Task to complete
Print out the data exactly, keeping every image out of it.

Collected material
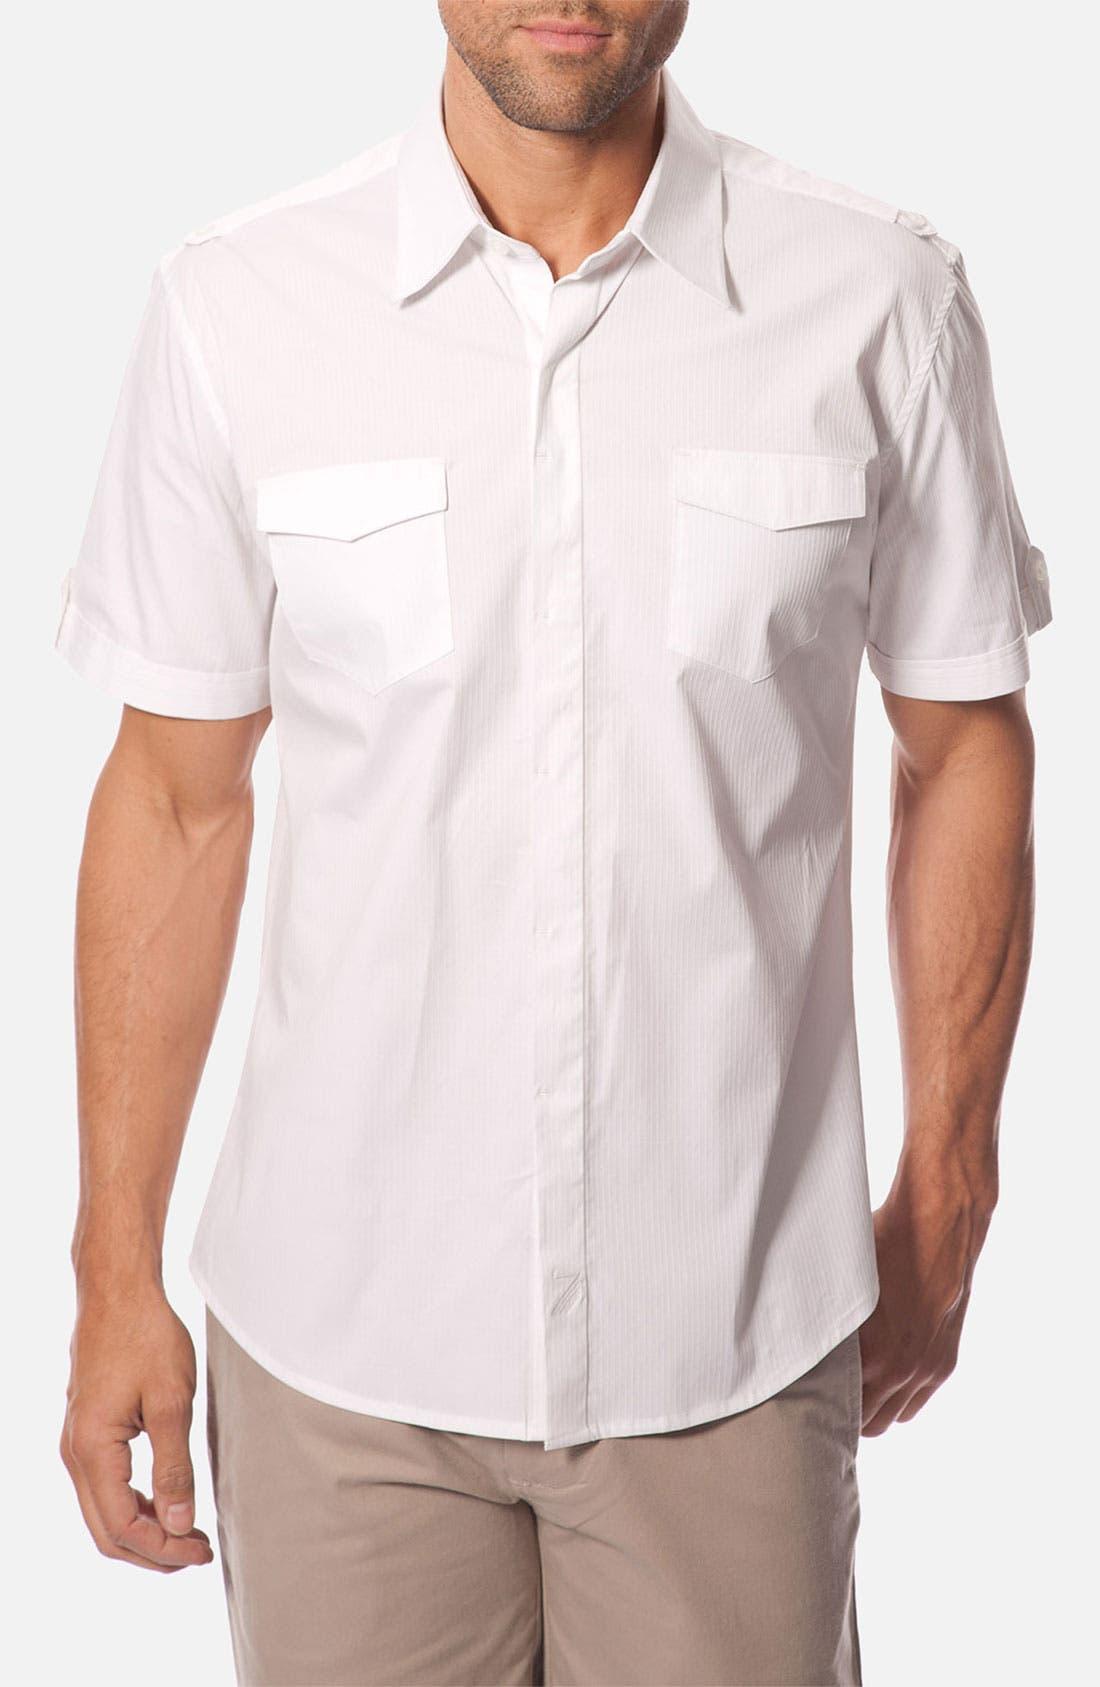 Main Image - 7 Diamonds 'Body & Soul' Tonal Stripe Woven Short Sleeve Shirt
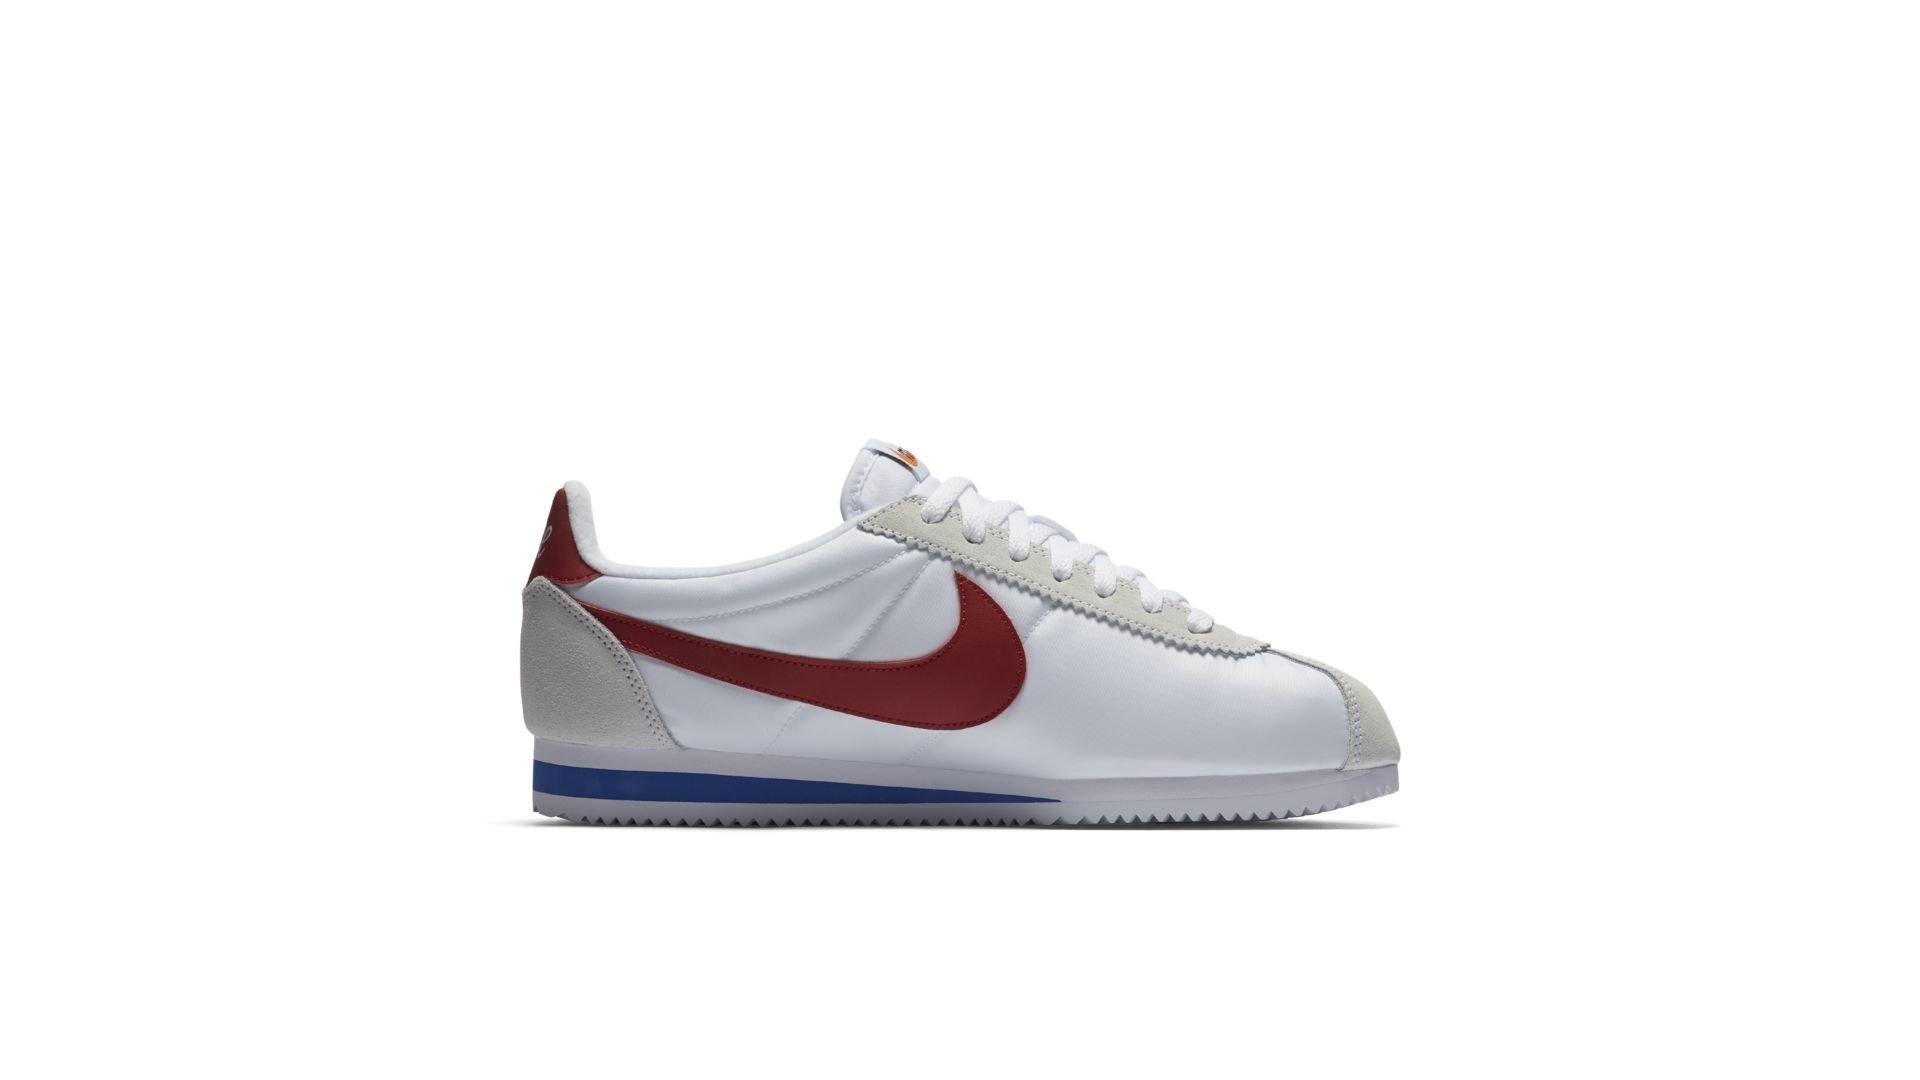 Nike Classic Cortez Premium Nylon Forrest Gump (876873-101)
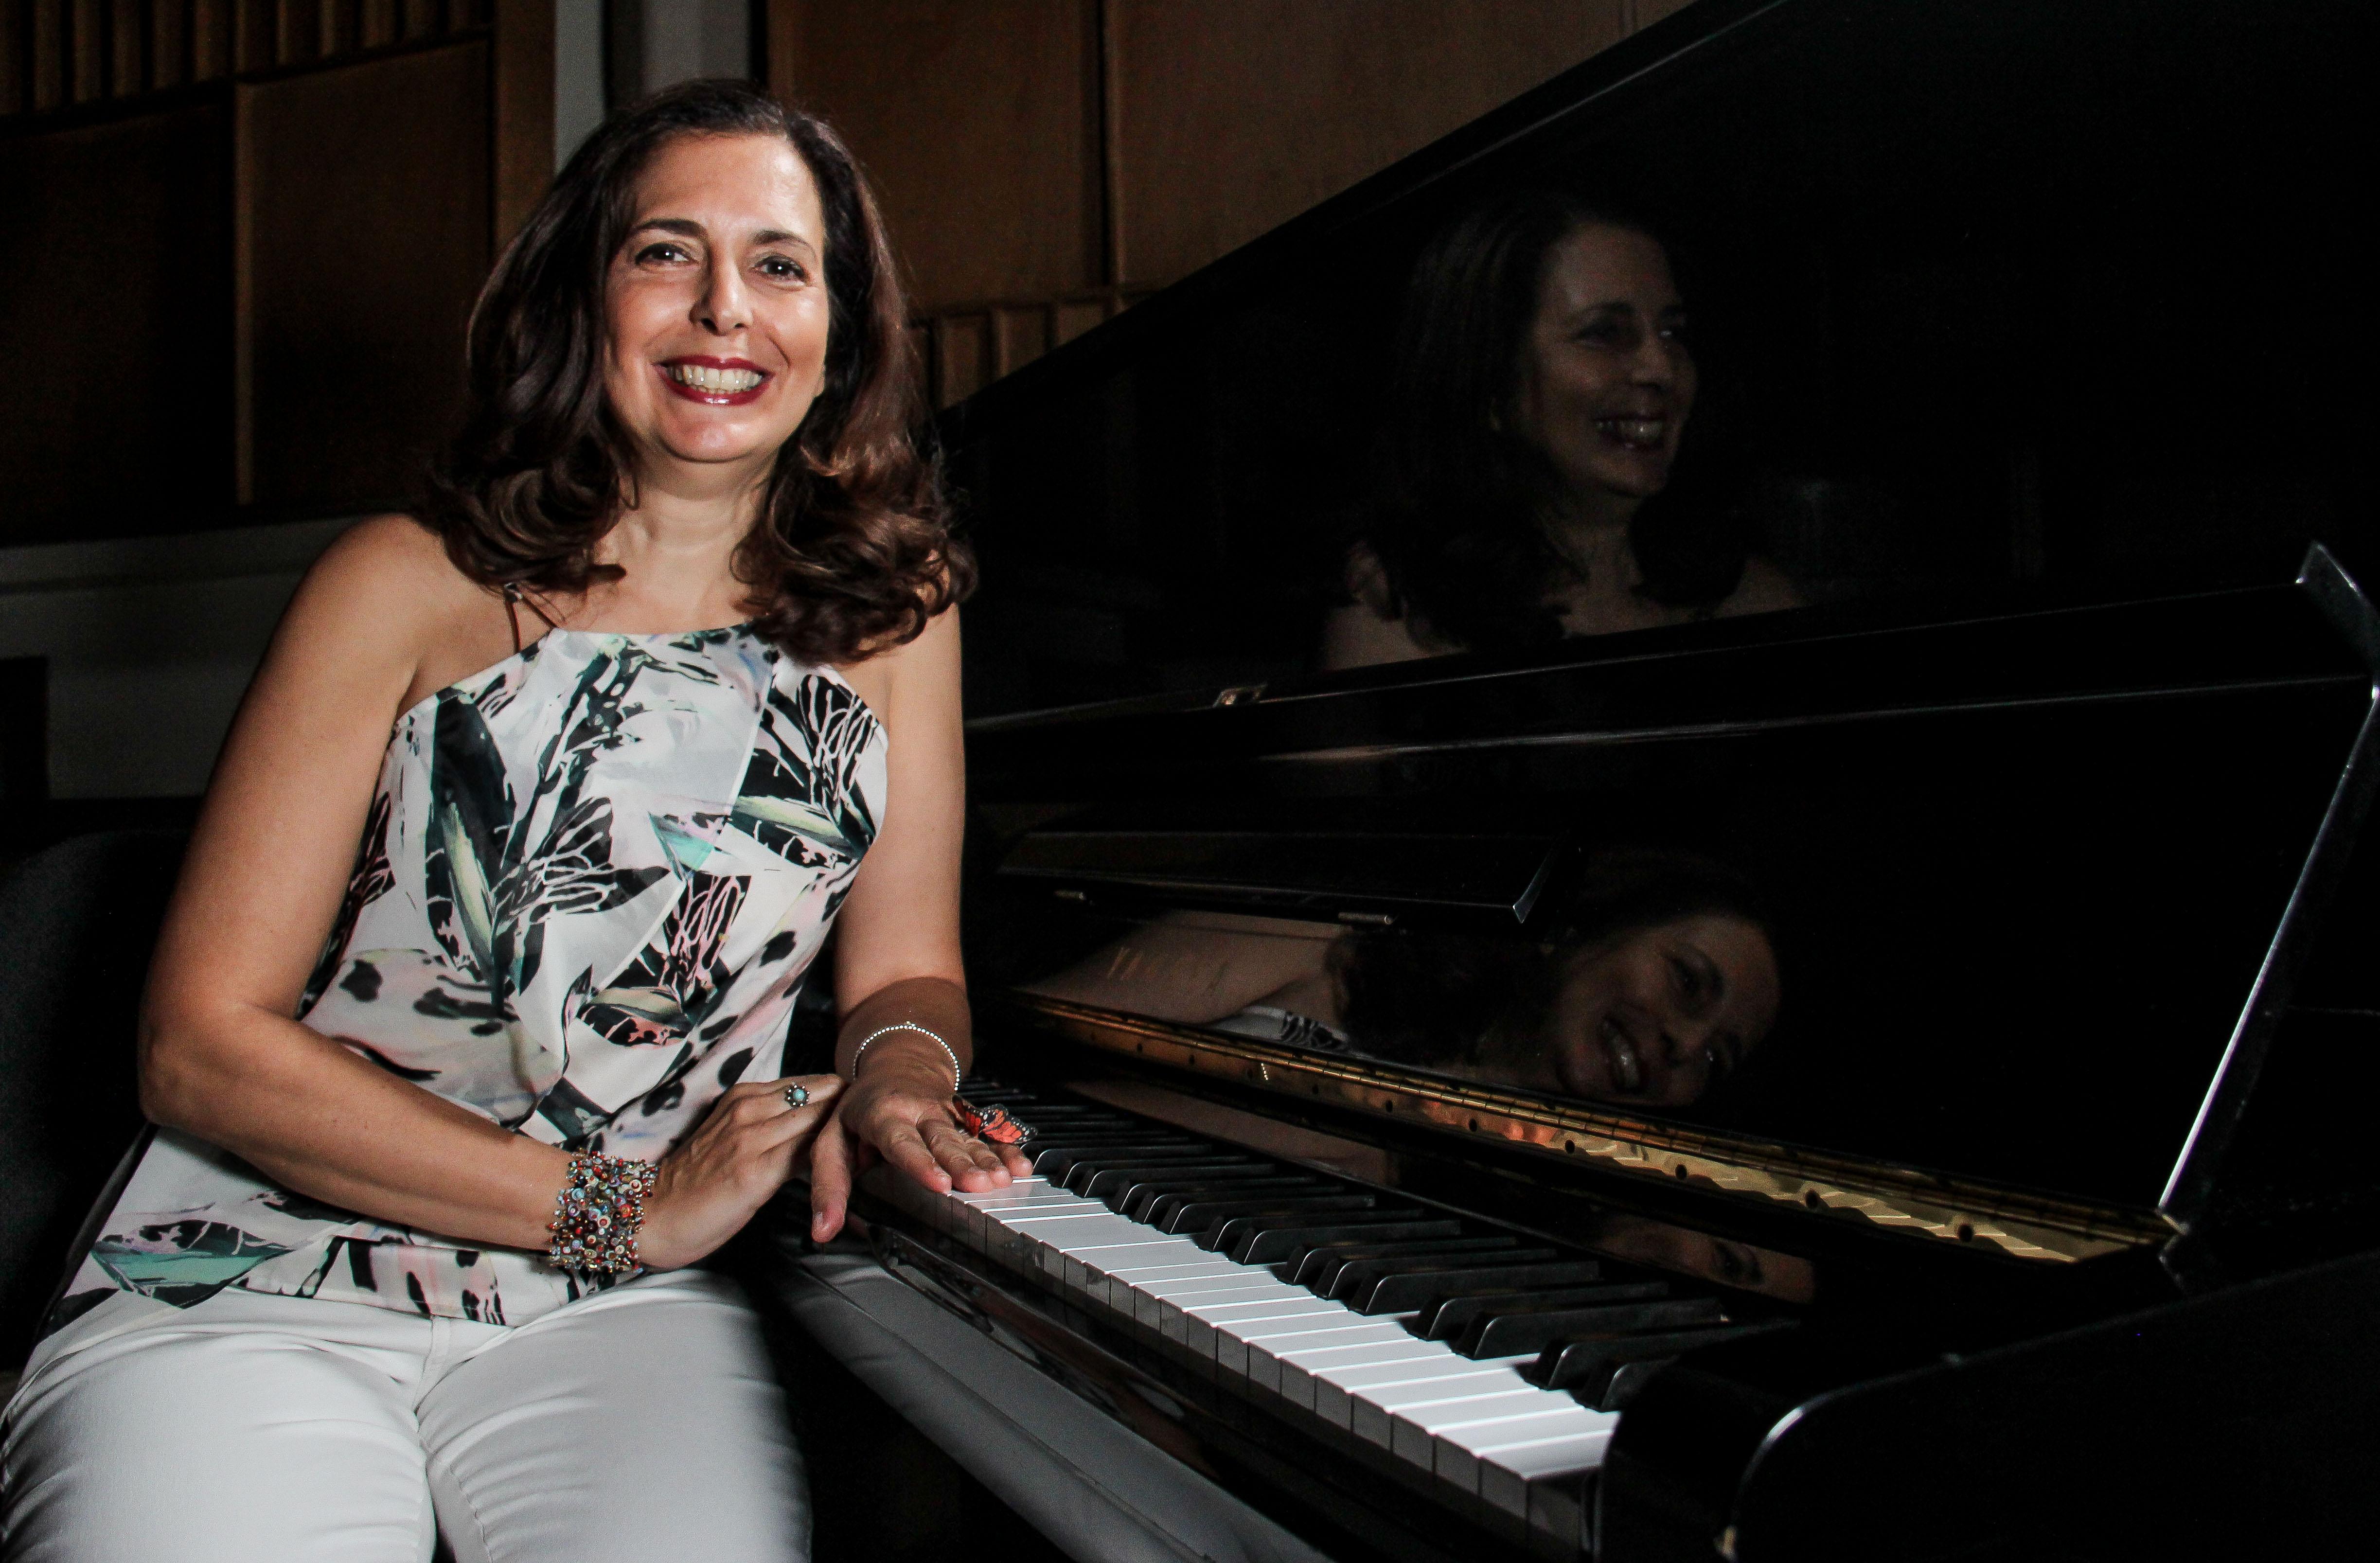 Clara Rodríguez Cumple Su Anhelo De Interpretar Una Obra Atrevida De Maurice Ravel

Expected answer
 Main Image - 7 Diamonds 'Body & Soul' Tonal Stripe Woven Short Sleeve Shirt
 Nike Classic Cortez Premium Nylon Forrest Gump (876873-101)
 Clara Rodríguez Cumple Su Anhelo De Interpretar Una Obra Atrevida De Maurice Ravel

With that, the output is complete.